Está sometido en segunda revisión (junio 2015) para publicación en la revista:

SAIMM, Journal of the Southern African Institute of Mining and Metallurgy (ISI).

6.2. Transición de la explotación de cielo abierto a subterráneo

Se ha trabajado en colaboración con una investigadora de la McGill University (Montreal) y una tesista de ingeniería de minas sobre el problema de encontrar la envolvente óptima de un amina a cielo abierto y una mina relacionada subterránea, de manera de evaluar económicamente los beneficios esperados de la decisión de transición. Esto se expresa en dos documentos:

Primera versión de la memoria de ingeniería de Cecilia Julio:

“Transición de explotación desde minería a cielo abierto a subterránea, bajo incertidumbre geológica”, codirigida por los investigadores de este proyecto.

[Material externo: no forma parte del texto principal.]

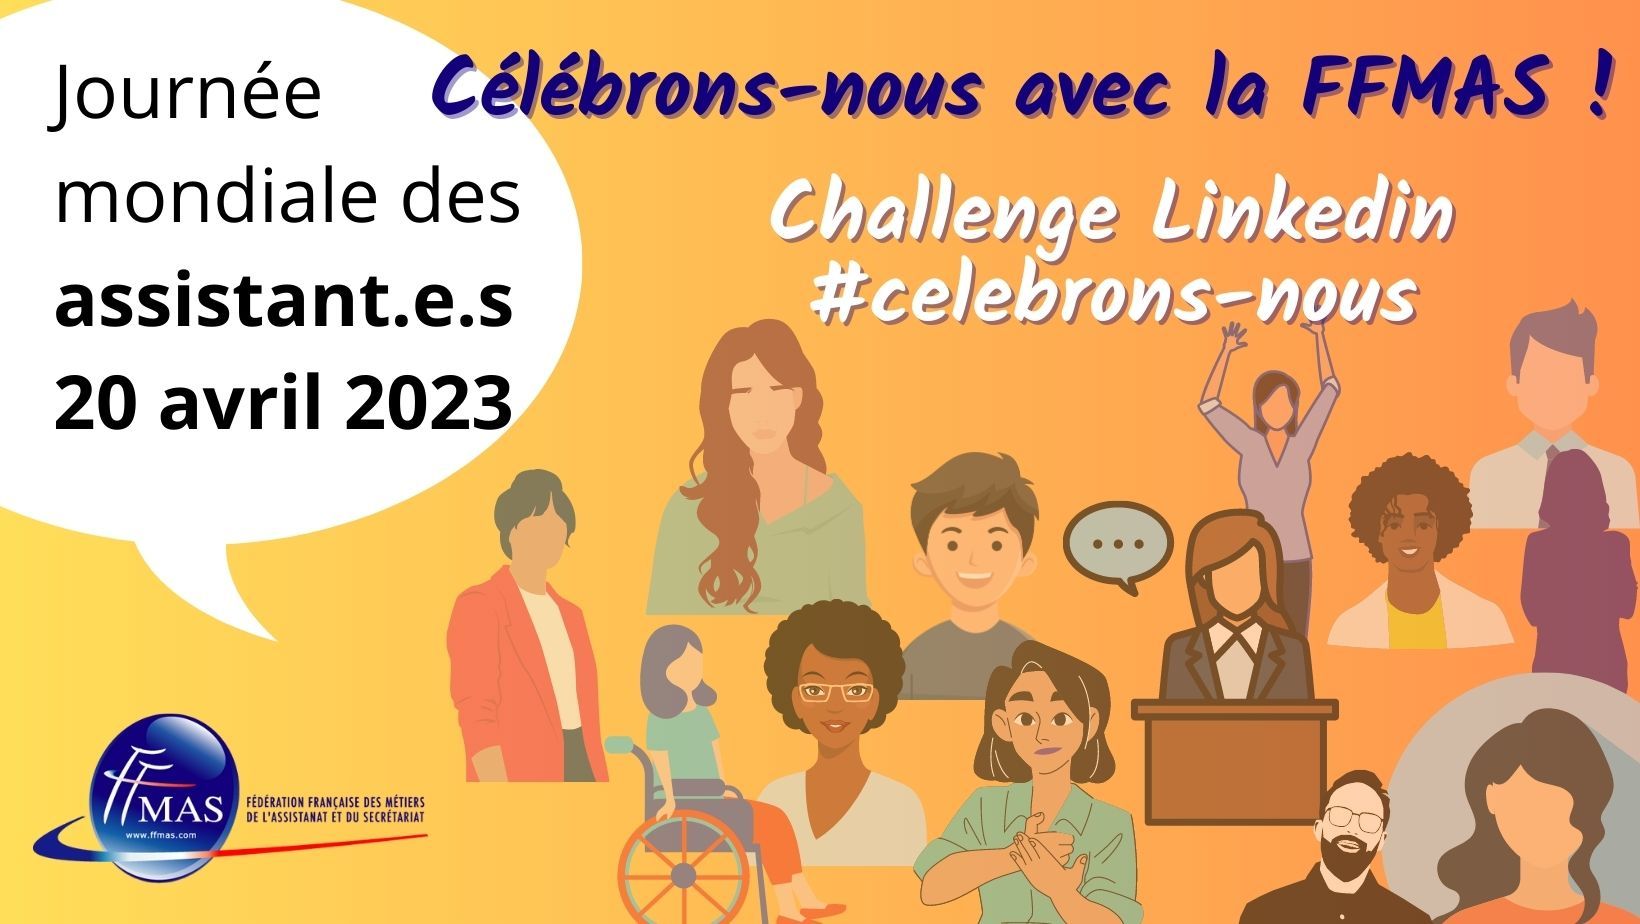 You are currently viewing Journée mondiale des assistant.e.s le 20 avril 2023 | Challenge #Celebrons-nous

Artículo aceptado para presentación y Proceedings del congreso APCOM 2015. Este evento se realiza regularmente cada dos años y es el más importante del mundo en materia de modelamiento y uso de cálculos computacionales en la industria minera.

Título: Optimal Economic Envelope of Joint Open-Pit and Underground Mines (abrir aquí)

Autores: Cecilia Julio, Jorge Amaya, Amina Lamghari y Nelson Morales.

 6.3. Diseño de rampas en minería a cielo abierto 

Se ha trabajado en la propuesta de un modelo matemático que permita decidir el diseño de rampas en una mina a cielo abierto. Este es un problema industrial muy relevante y que tiene gran impacto en los costos de acceso y transporte a largo plazo. El documento reportado contiene la primera versión del modelo y durante el año 2015 se extenderá a casos más generales. Las primeras pruebas computacionales muestran la potencia y la aplicabilidad de la idea. El trabajo está en el contexto de la memoria de ingeniero del tesista Emilio Molina.

Título: Modelo Matemático para Diseño de Rampas en Minería a Cielo Abierto (abrir aquí). Autores: Emilio Molina, Jorge Amaya y Nelson Morales.